■ **Dataset extract**:
--- START ---

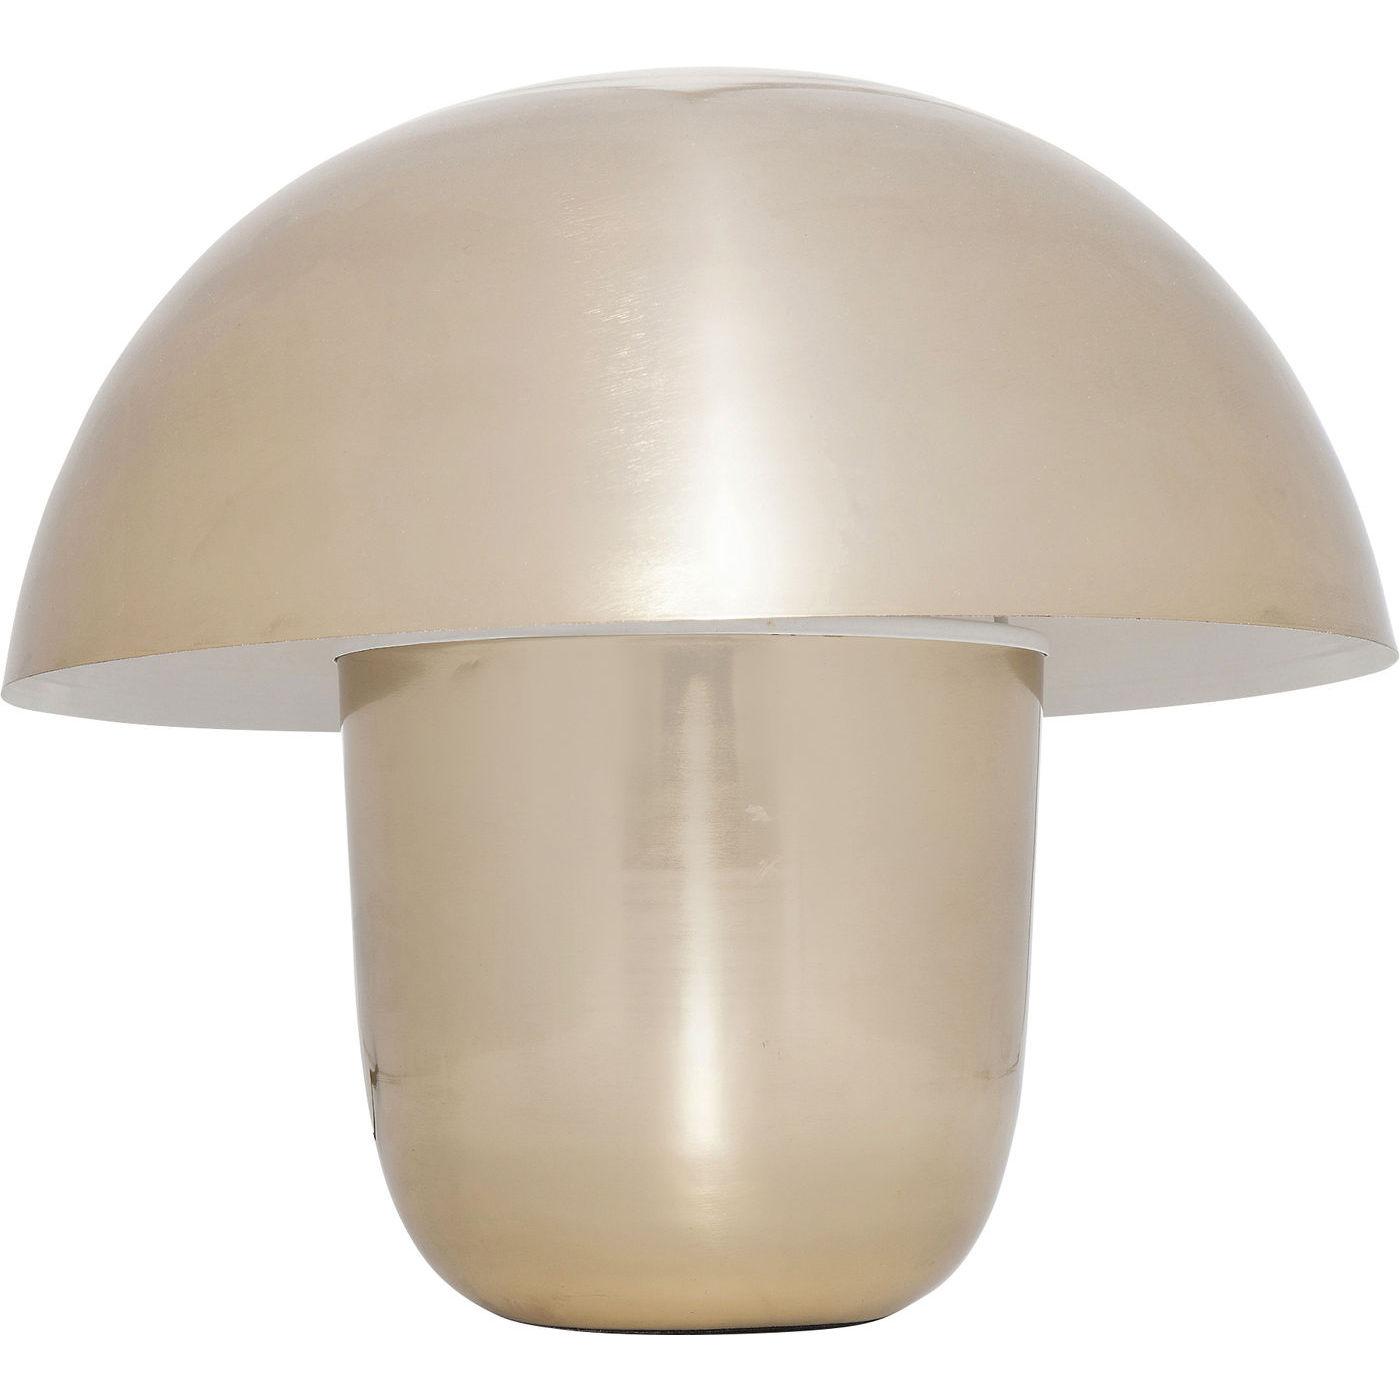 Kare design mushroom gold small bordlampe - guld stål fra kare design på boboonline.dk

--- END ---
--- START ---

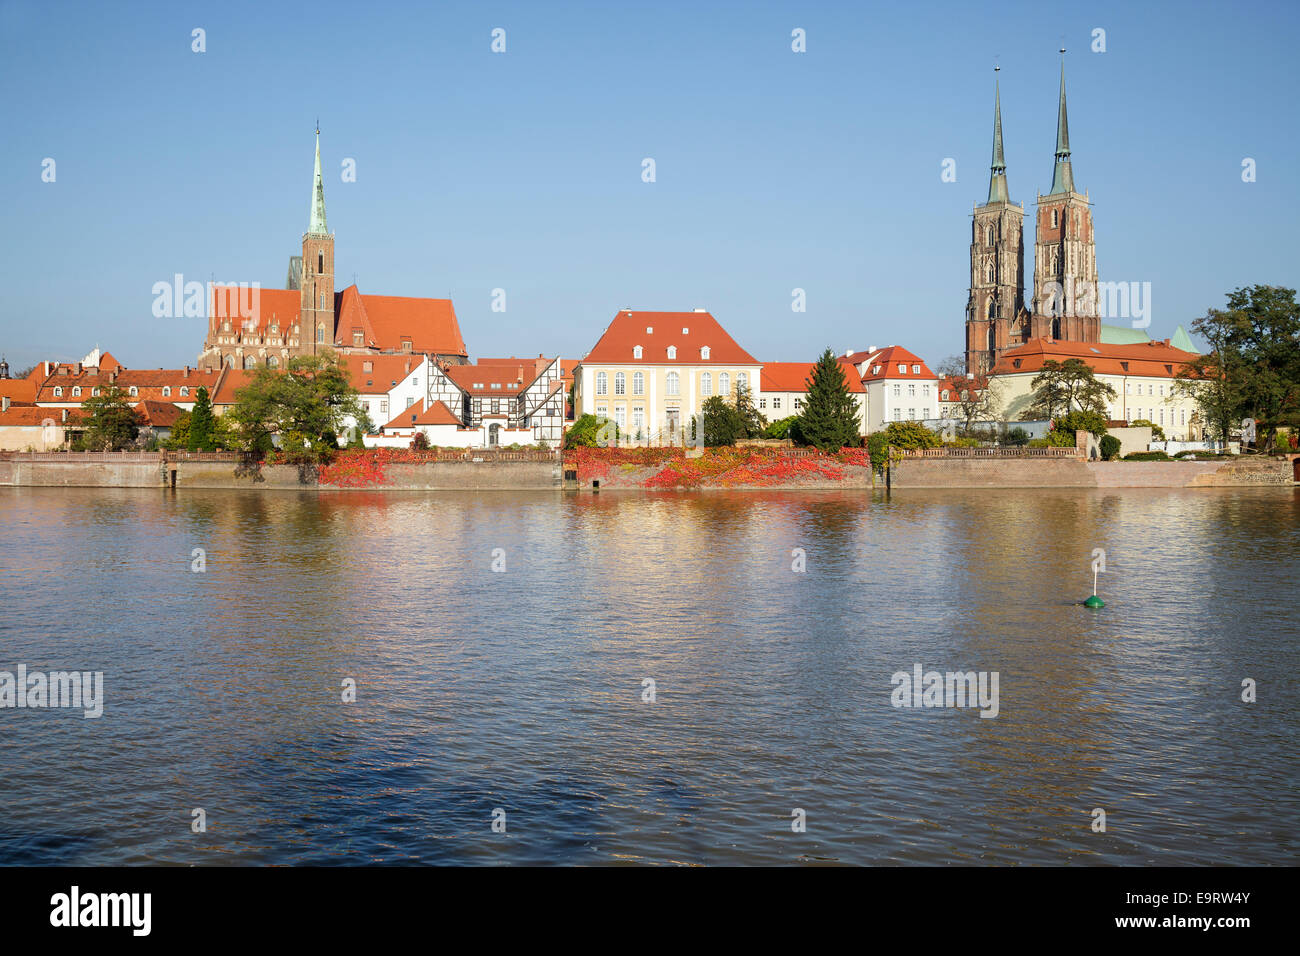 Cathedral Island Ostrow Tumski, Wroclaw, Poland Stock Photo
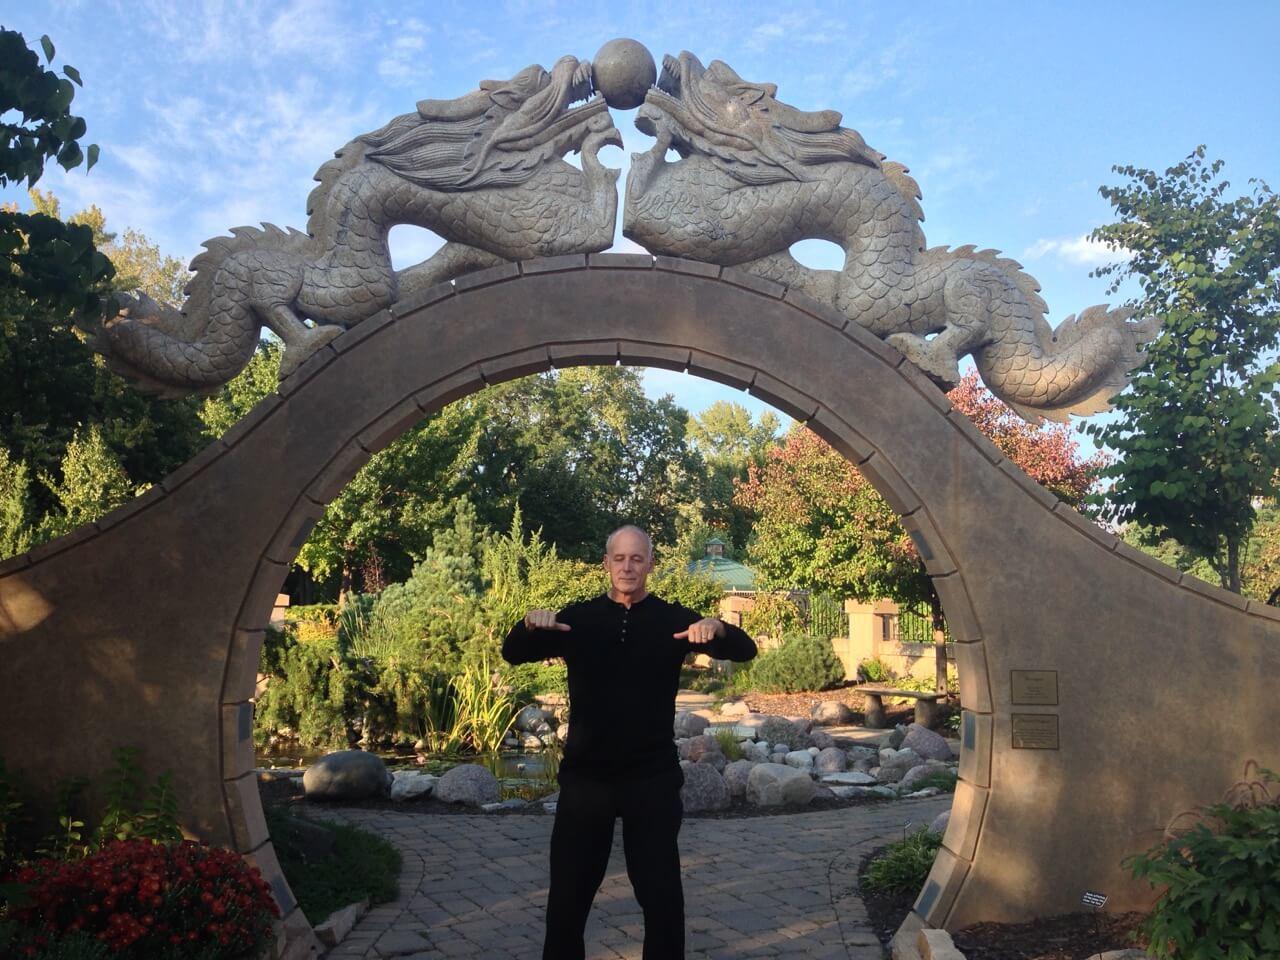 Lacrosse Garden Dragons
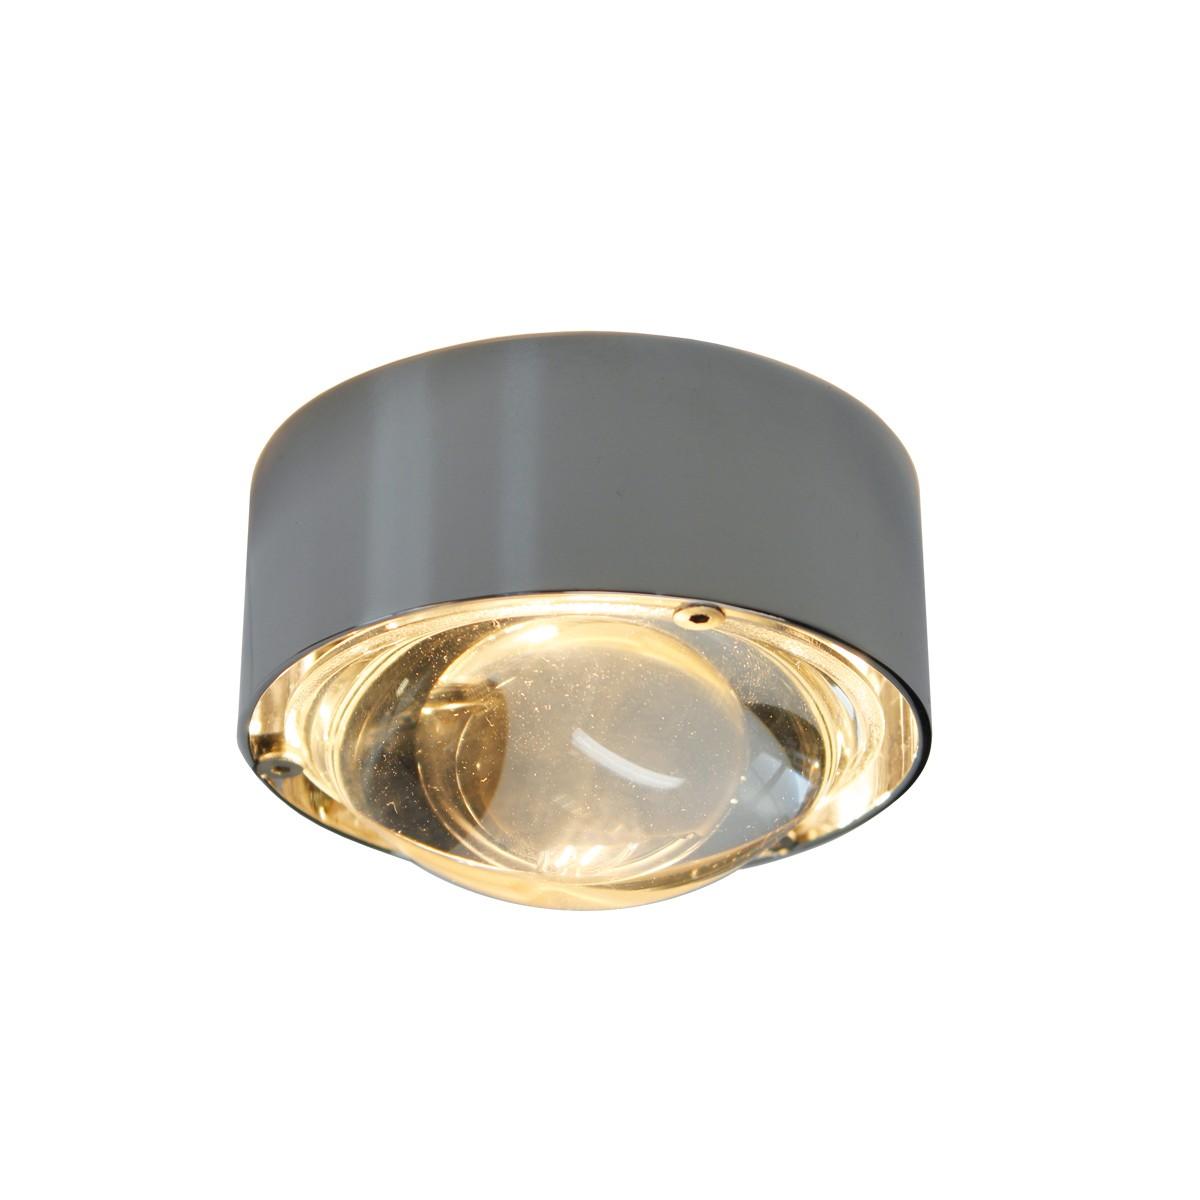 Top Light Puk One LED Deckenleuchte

--- END ---

■ **Exercise objective**: Reproduce the entries exactly, from the line with "Cathedral Island Ostrow" to the line with "Top Light Puk One LED Deckenleuchte", both lines included, keeping no pictures.

■ **Task response**:
 Cathedral Island Ostrow Tumski, Wroclaw, Poland Stock Photo
 Lacrosse Garden Dragons
 Top Light Puk One LED Deckenleuchte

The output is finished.